Тут Филипп дал себе зарок впредь не ссылаться на судьбы своих именитых предков.

– Я категорически заявляю, что в случае невыполнения моей просьбы от службы у вас откажусь. Да и вообще, меня наметили в президенты I Международного конгресса денщиков, который в скором времени состоится в Америке. Сам Рузвельт…

– Рузвельт?

– Я имею в виду денщика Рузвельта. Мы его зовем Рузвельтом, для краткости… Так вот, это он пригласил меня председательствовать… Именно по той причине, что я являюсь потомком знаменитого… Или ты думаешь, что денщик господина Тубуча…

– Да, но как же ты попадешь в Америку, о сапогостягиватель моей души?

– Мое тело, мое бренное тело будет по-прежнему лежать здесь, дух же мой воспарит, отлетит, заползет в какой-нибудь электрический провод и в мгновение ока окажется на той стороне. Прежде-то с такими путешествиями дело обстояло хуже: молнию не всегда удавалось заполучить, а на бродягу-ветра полагаться нельзя, сколько раз он нас ссаживал там, куда мы совершенно не собирались… на озере Танганьика, например, или на островах Фиджи… где не встретишь ни одной родственной души…
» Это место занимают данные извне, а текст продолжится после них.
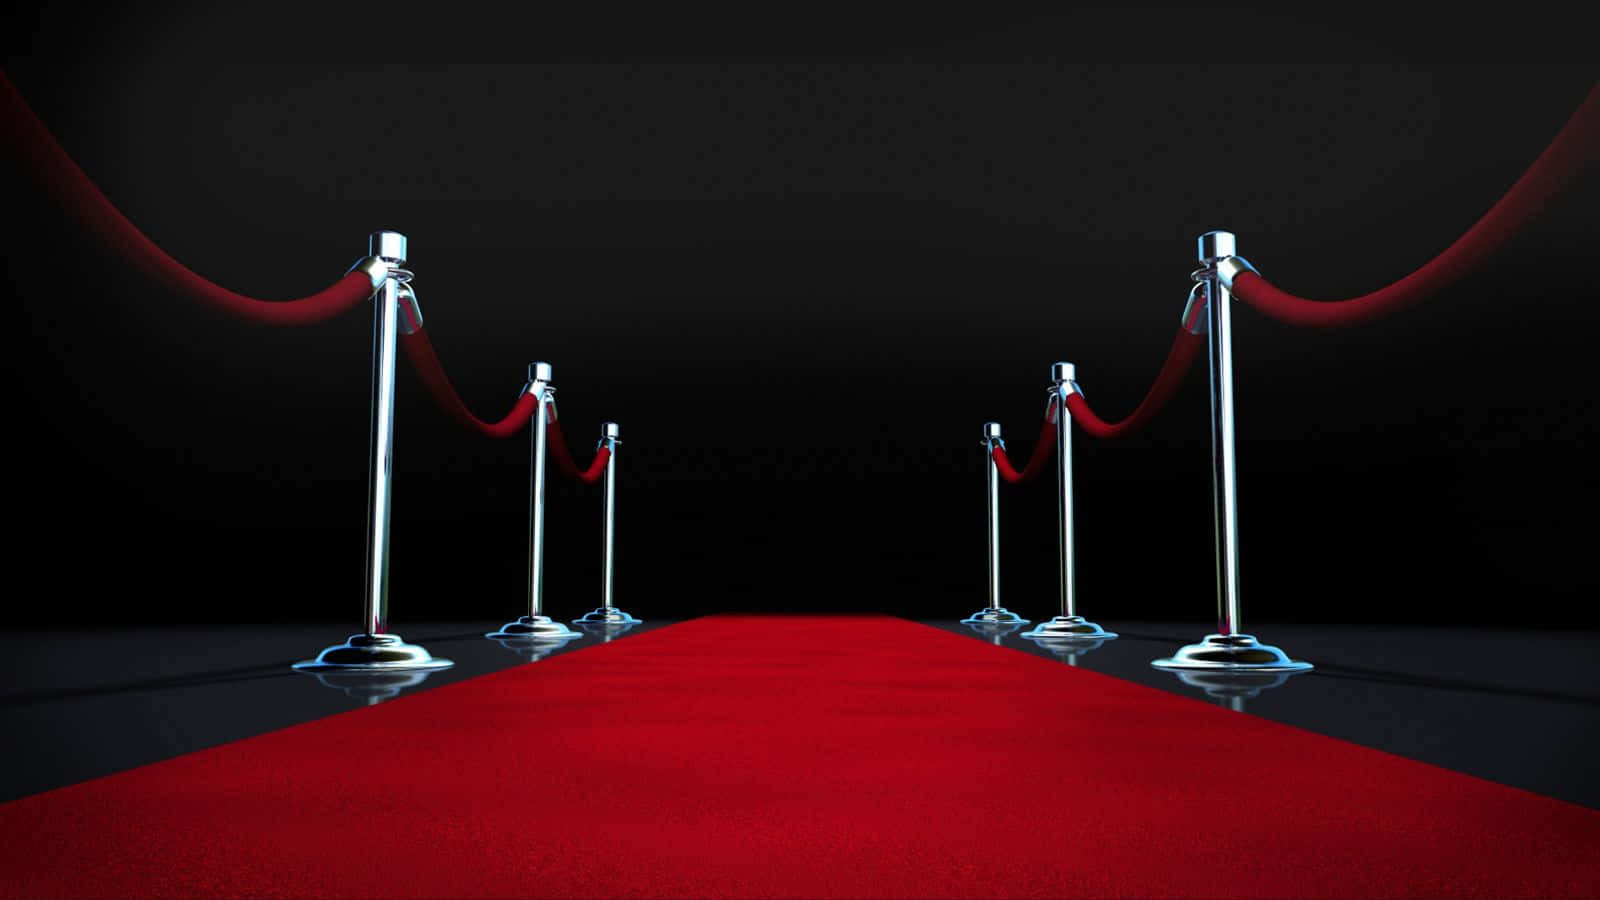 “Striking red carpet illuminated with dazzling lights”

Мне было лестно поддерживать контакт с существом, благодаря которому я, в известном смысле, оказался близок президенту Соединенных Штатов, и мы с Филиппом заключили соглашение, что отныне и впредь будем выступать в главных ролях по очереди. Он был, например, бакалейщиком, восклицавшим: “Сегодня у нас чудненький пармезанский сыр!”, а я – покупательницей, что, пожимая плечами, пробовала кусочек. Затем я становился слоненком… бегающим по кругу… А он – мальчишкой, кричащим: “Ах! Как здорово!” После он был упавшим деревом, со шляпой на одном суку, которое плывет по Дунаю до самого Черного моря, я же – свалившимся в воду и проклинающим это дерево лодочником, или водяной крысой, которая ютится меж корней, или речной выдрой, требующей у дрейфующего ствола проездной билет, чтобы проверить, не истек ли срок годности. Так продолжалось, пока невозможность – как бы я ни напрягал свою и их волю – сделать зримым и для других людей мое превращение в князя Эксенклумма или в водяную крысу не испортила мне удовольствие и от этой игры.

– Филипп! – сказал я тогда. – Иди-ка сюда.

Филипп подошел, не без внутреннего сопротивления, словно предчувствуя недоброе. Я тщательно завернул его в коричневую упаковочную бумагу и отправился на прогулку. Никто из прохожих, однако, не пожелал поинтересоваться: что, мол, находится в маленьком коричневом пакете. А я-то заранее подготовил небольшую речь: “Дамы и господа! Здесь вы увидите не что-нибудь заурядное! Но говорящего денщика! Он – прямой потомок сапогостягивателя Его Азиатского Величества, царя Митридата Понтийского… И в скором времени будет председательствовать на I Международном конгрессе денщиков. Сам Рузвельт…”

Никто не проявил любопытства, а навязываться мне не хотелось… Что вопроса мне так и не задали, пожалуй, еще можно было бы пережить, но, с тех пор как я столь вероломно поступил с денщиком, попытавшись осквернить его тайну, Филипп умолк… Его душа, вероятно, навсегда переселилась в Америку… Я снова был одинок…


Раньше я грезил о славе. Она обошла меня стороной. И все, что мне оставалось, это саркастические нападки на счастливчиков. В этом-то я издавна был мастак. Когда мне уже нечего было кусать в себе, я принимался кусать других. Нынче же я ослаб и сделался снисходительнее. Как говорится, пишу теперь карандашом. Моя интеллектуальная пища нежна, как пища больного. На днях, например, я целое утро посвятил наблюдению за одним генералом, который на Марияхильферштрассе замирал у каждой витрины, будь то витрина бельевого магазина или парикмахерской. Было это после маневров. Я не ощущал ни злорадства, ни сострадания; просто смотрел, пока сам не превратился в генерала и не почувствовал себя способным играть далее его роль. То, как он приподнимал саблю, чтобы не задеть тротуара – движение чисто рефлексивное, – навевало невыразимую грусть… На следующий день я так же надолго погрузился в созерцание галки, которая перед цветочным магазином на Вайбурггассе семенила туда и обратно, безостановочно – туда и обратно. Куцые крылья, сломанные, волочились по грязному булыжнику. А ведь, наверное, за несколько дней до этого птица еще кружила вокруг колокольни Святого Стефана или командовала бригадой… Я бы весьма охотно поспособствовал встрече между тем генералом и этой галкой. Но на столь великие начинания я более не отваживаюсь, с той поры как последнее кончилось для меня так печально…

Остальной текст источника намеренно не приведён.